"Theres Nothing New to Say About Mascara..."

I am so perfect, so divine, so etheral, so surreal, I cannot be comprehended except by my permission -nikki g.

Thursday, May 01, 2008

Summer Summer Summertime...

He always said if I put weave in my hair I'd see what would happen. Maybe this is that "what would happen" that he promised me.

The past year or so of my life has gone by fairly undocumented so let's start with a story that marks the beginning of the end.

We met, intentions were purely carnal and extremely unattached (me, coming from a laborious and exhausting 2 year long fiasco of a relationship or whatever you'd like to call it, this was only appropriate). It was the newness that attracted me. I loved it, I basked in it. It was new and it was amazing and I could care less about it. Then we evolved and he snowballed into my beautiful surprise. There were feelings exchanged, fun times shared, bodies explored, memories made. We were inseperable and we belonged to each other. That still moment in time where we were perfectly engulfed in the newness and amazingness of each other quickly dissolved. And we allowed the others to invade our secure fortress. There were first the girls and then I brought in the boys and we all lived together in a pink and green house with small windows and doors but we were so squished in the tiny pink and green house that some of us had to go. I suppose that was my cue to exit stage left and take my dirty boys with me. And then the newness stopped. And my perfect lover became perfectly over me and that, for some odd reason, was perfectly fine.

Of course I cried, quite possibly for the sake of crying, quite possibly for the added drama. It would be far too simple to let your old thing that was once new walk away without a tearful goodbye.

I shouldn't have slept over the first night, I shouldn't have answered the calls, I should have been more guarded, I shouldn't have shown my weakness, I shouldn't have allowed him to lie to me and tell me that he was going to take care of me. I shouldn't have slept over the first night, I shouldn't have cared. But I did, and I do love him and I won't stop tonight or tomorrow, maybe in a month or two or seven. I don't drink juice for a reason.

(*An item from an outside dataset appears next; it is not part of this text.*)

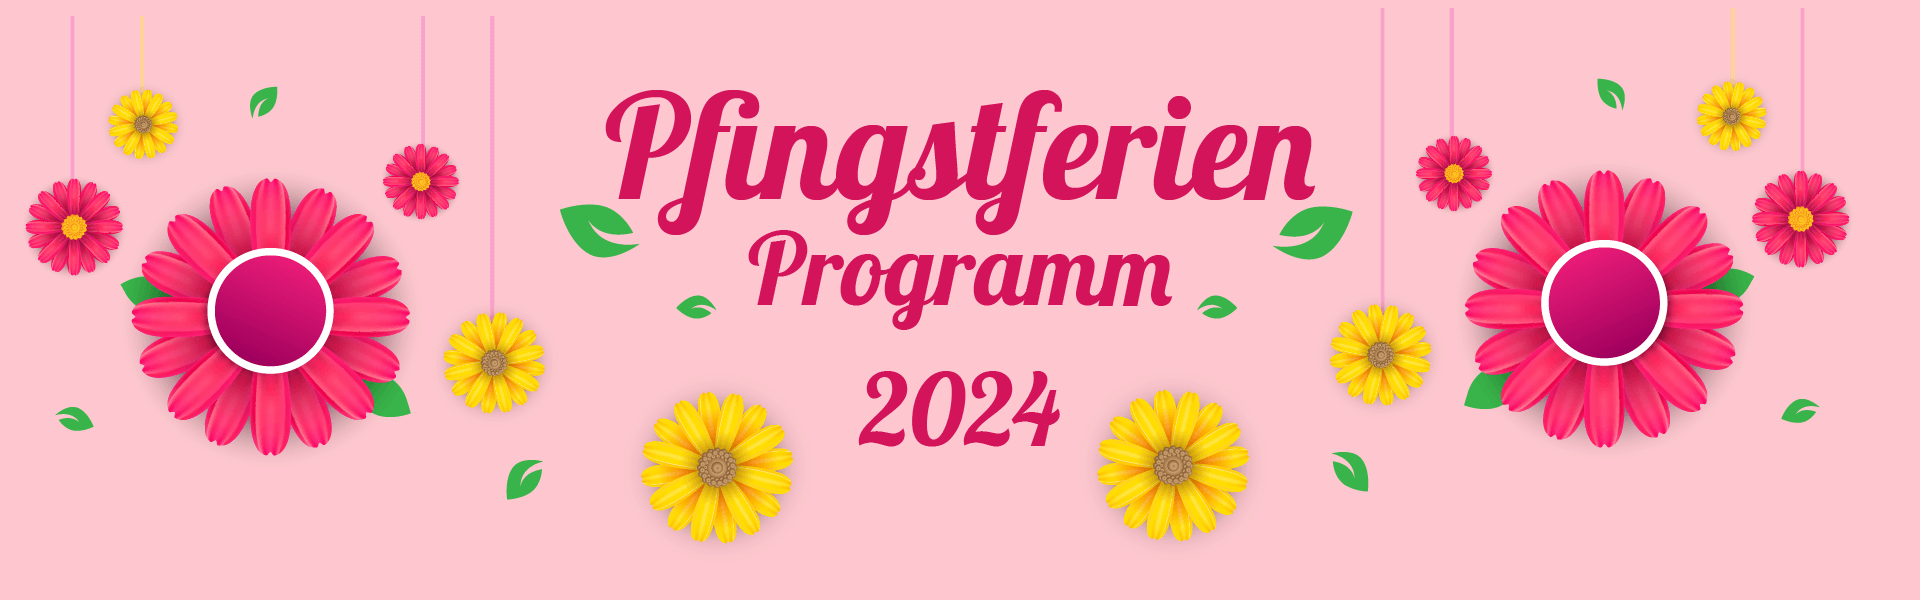 Pfingstferienprogramm Banner 2024
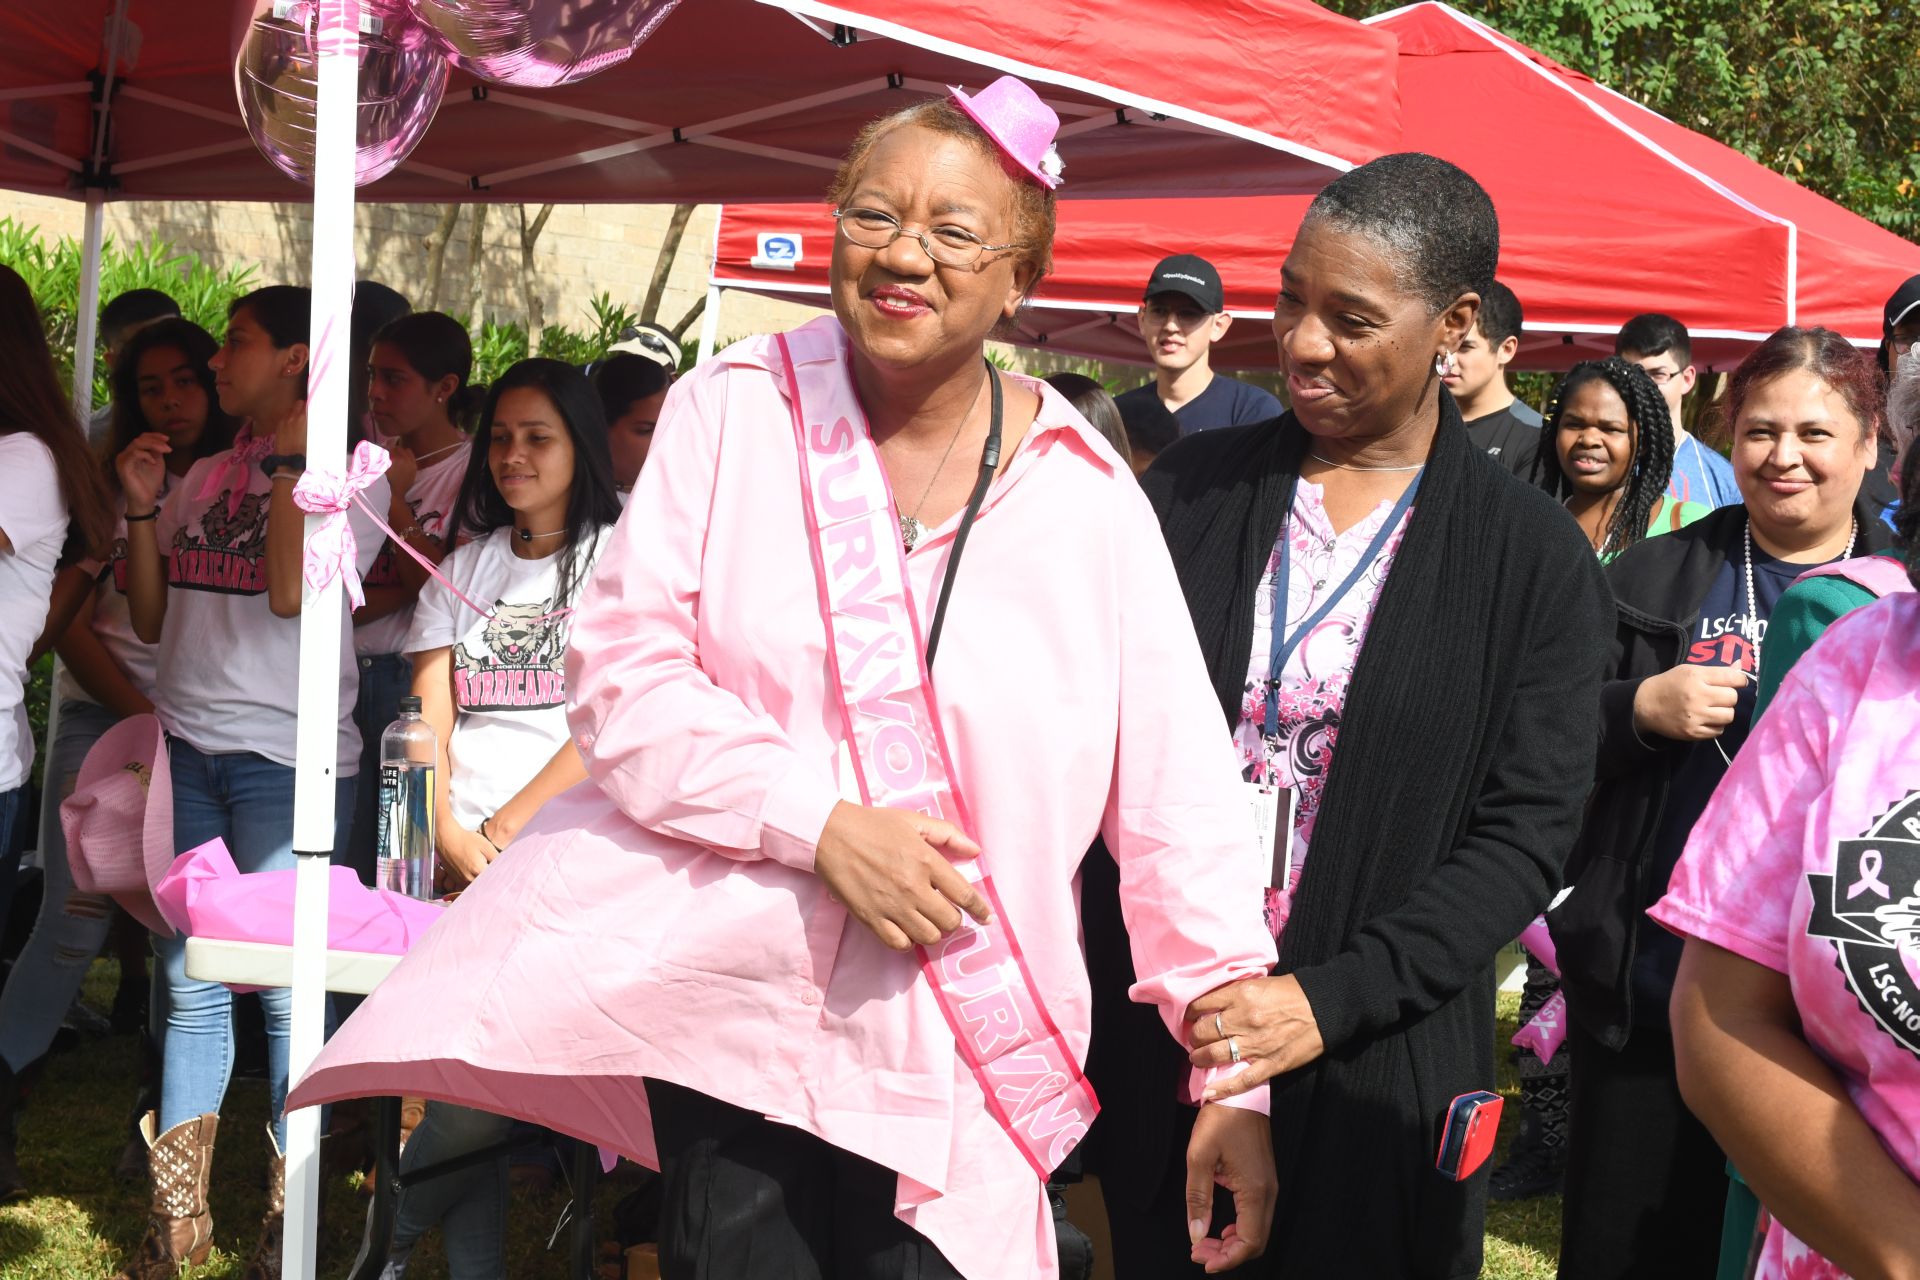 Photo of participants at breast cancer awareness walk

And then I found myself back in the arms of him. Allowing him to wipe every tear that has nothing to do with him and touch every part of a body that does not belong to him (never again). That's what I like to tell myself, but I often doubt the validity of that argument. I am his and he knows it. My seasonal lover greets me this time riding in on a ray of sunshine. Welcome back, it has been a cold winter and we welcome your summertime love.